Electronic Sound Magazine - Issue 85 [inc 7" Vinyl]
Do you feel lucky? Well, do you, punk?
We're taking to the streets of 1970s New York with Suicide for this month's Electronic Sound cover story and our bundle edition includes a superb red vinyl seven-inch featuring two tracks by the synthpunk visionaries.
The imminent release of a Mute compilation of the band's finest moments is a great reason for us to look back at the early days of Suicide. Frontman Alan Vega is unfortunately no longer with us, but we have a highly entertaining interview with multi-instrumentalist Martin Rev, who still winces as he recalls them attracting volleys of missiles from the audience at every gig they played. When they toured the UK with The Clash, Vega narrowly avoided being hit in the head by a flying axe in Glasgow. The extreme reaction Suicide provoked was because they used old keyboards and drum machines rather than guitars, but in doing so they invented a whole new genre of electronic music.
In addition to the cover feature, our other interviews this issue include Thomas Leer, Pepe Deluxé, Tim Hecker and Anna Domino. David Bowie producer Tony Visconti tells us about his association with the Kingston University Stylophone Orchestra, designer Ben Kelly revisits his work on The Haçienda, and Crammed Discs bigwig Marc Hollander discusses his label’s wonderfully eclectic ‘Made To Measure’ series. We’ve also got about a million album reviews, but then you’d expect nothing less from us, wouldn't you?

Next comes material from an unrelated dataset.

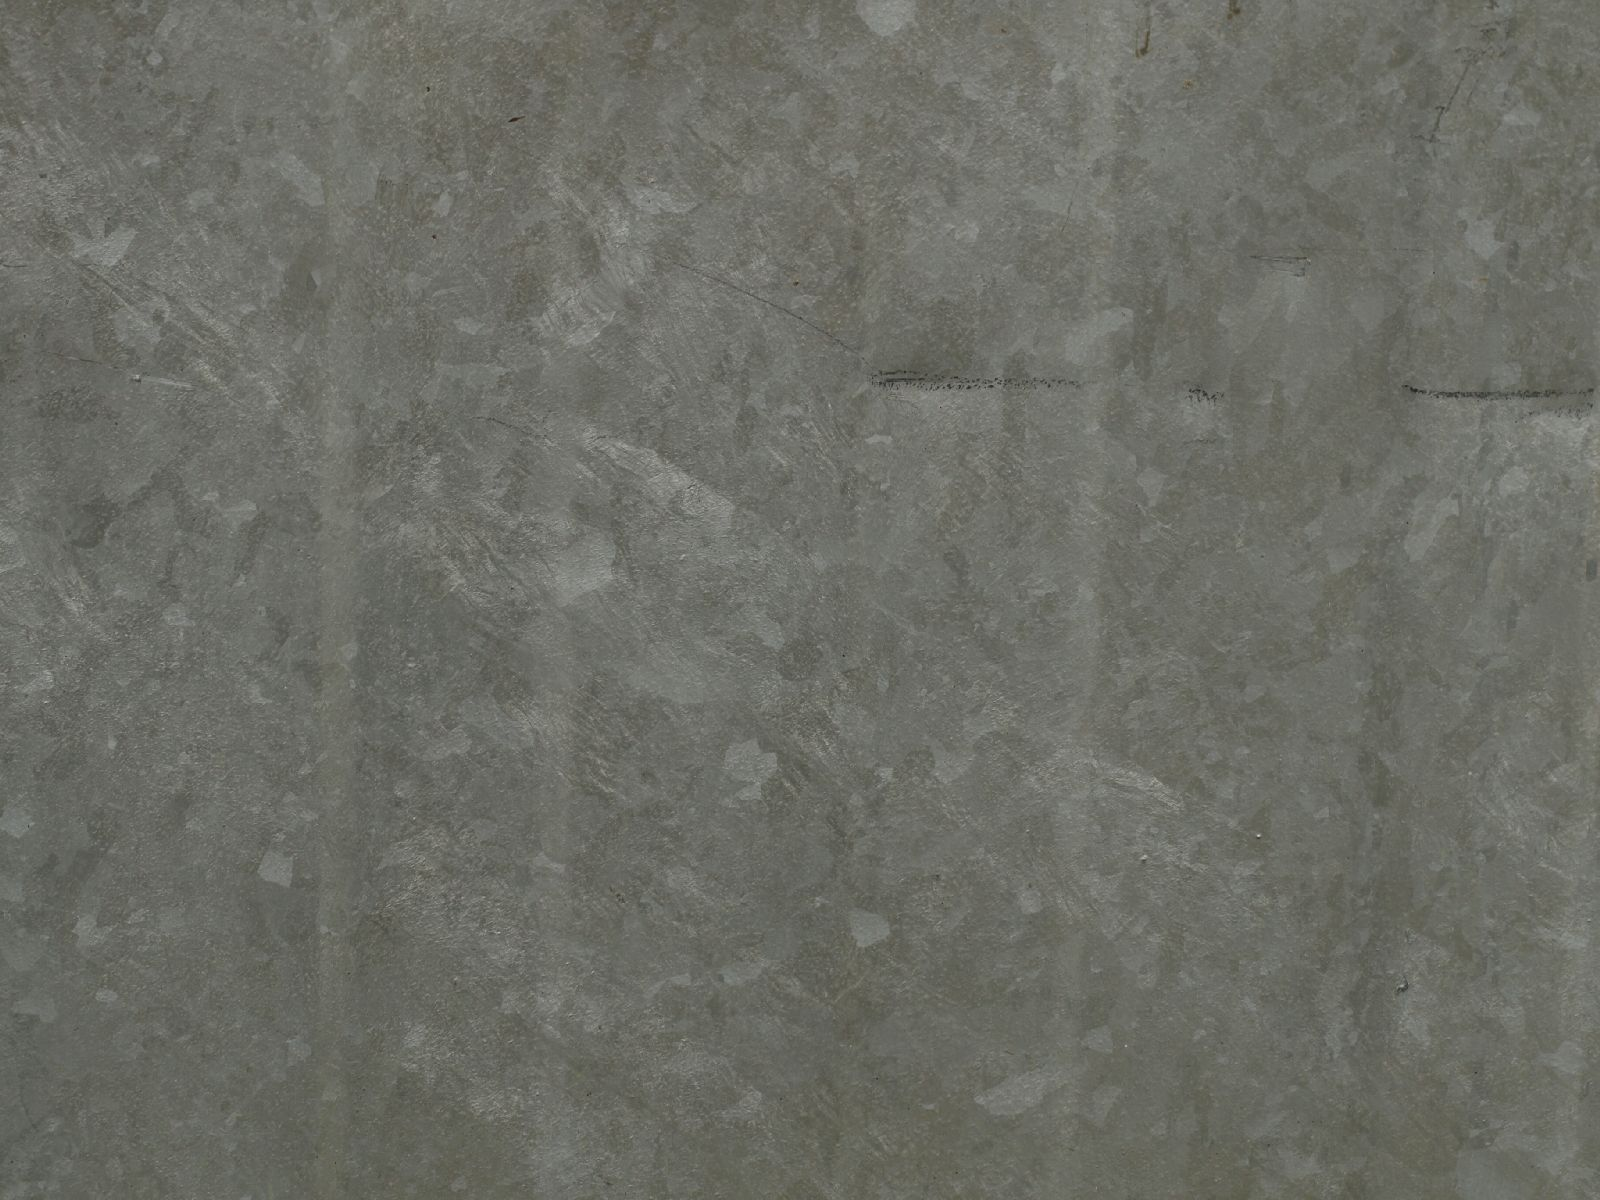 Metall_Textur_A_P4131144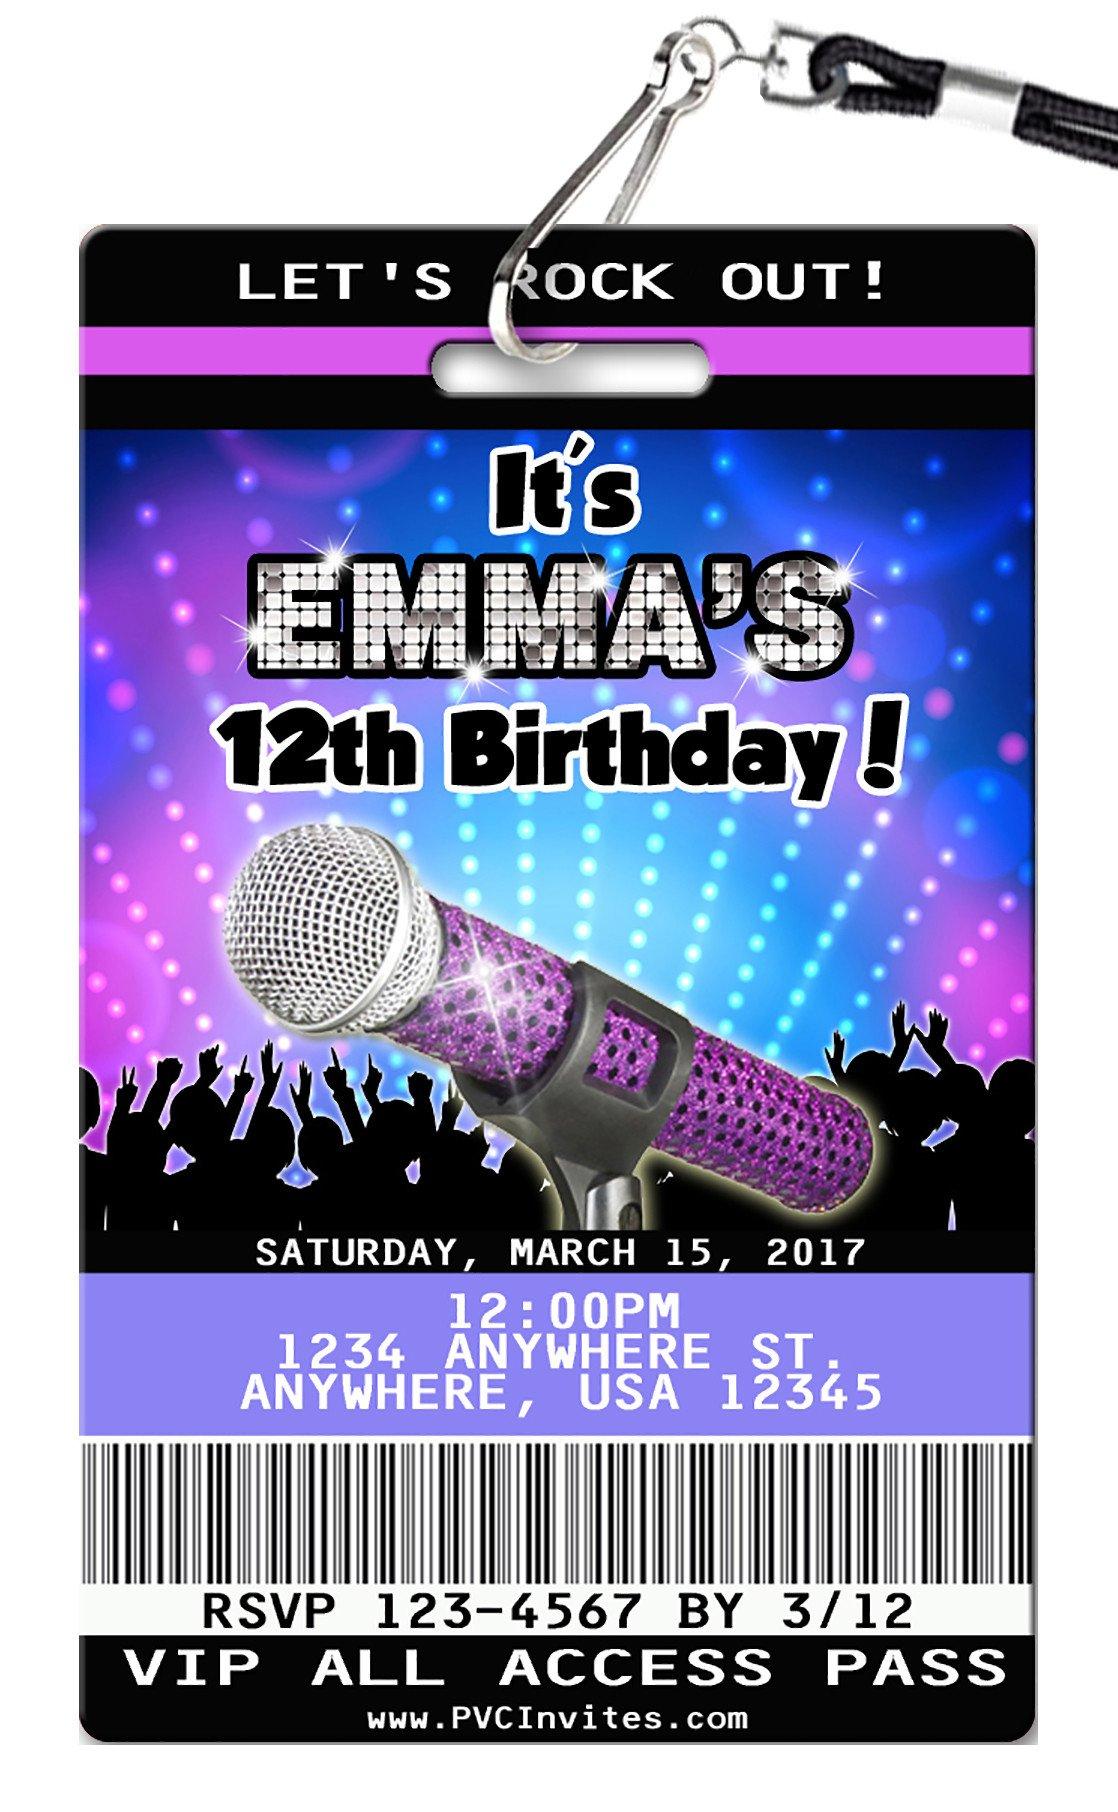 Karaoke Birthday Invitation In 2019 | Kenzi's 8Th Kareoke Birthday - Free Printable Karaoke Party Invitations

There's never been another electronic duo quite like Alan Vega and Martin Rev, so we are delighted to be releasing an exclusive Suicide seven-inch to accompany this issue. It's pressed on gorgeous red vinyl too. The A-side is the nagging and dubby 'Ghost Rider', the opening salvo of the NYC group's debut album, which has been heralded as one of the 100 best tracks of the 1970s by both NME and Rolling Stone. Turn the disc over for an edit of an early mix of the chilling 'Frankie Teardrop', with completely different lyrics to the album version. Frankie is now a Vietnam War veteran rather than a factory worker and the result is more intense than ever.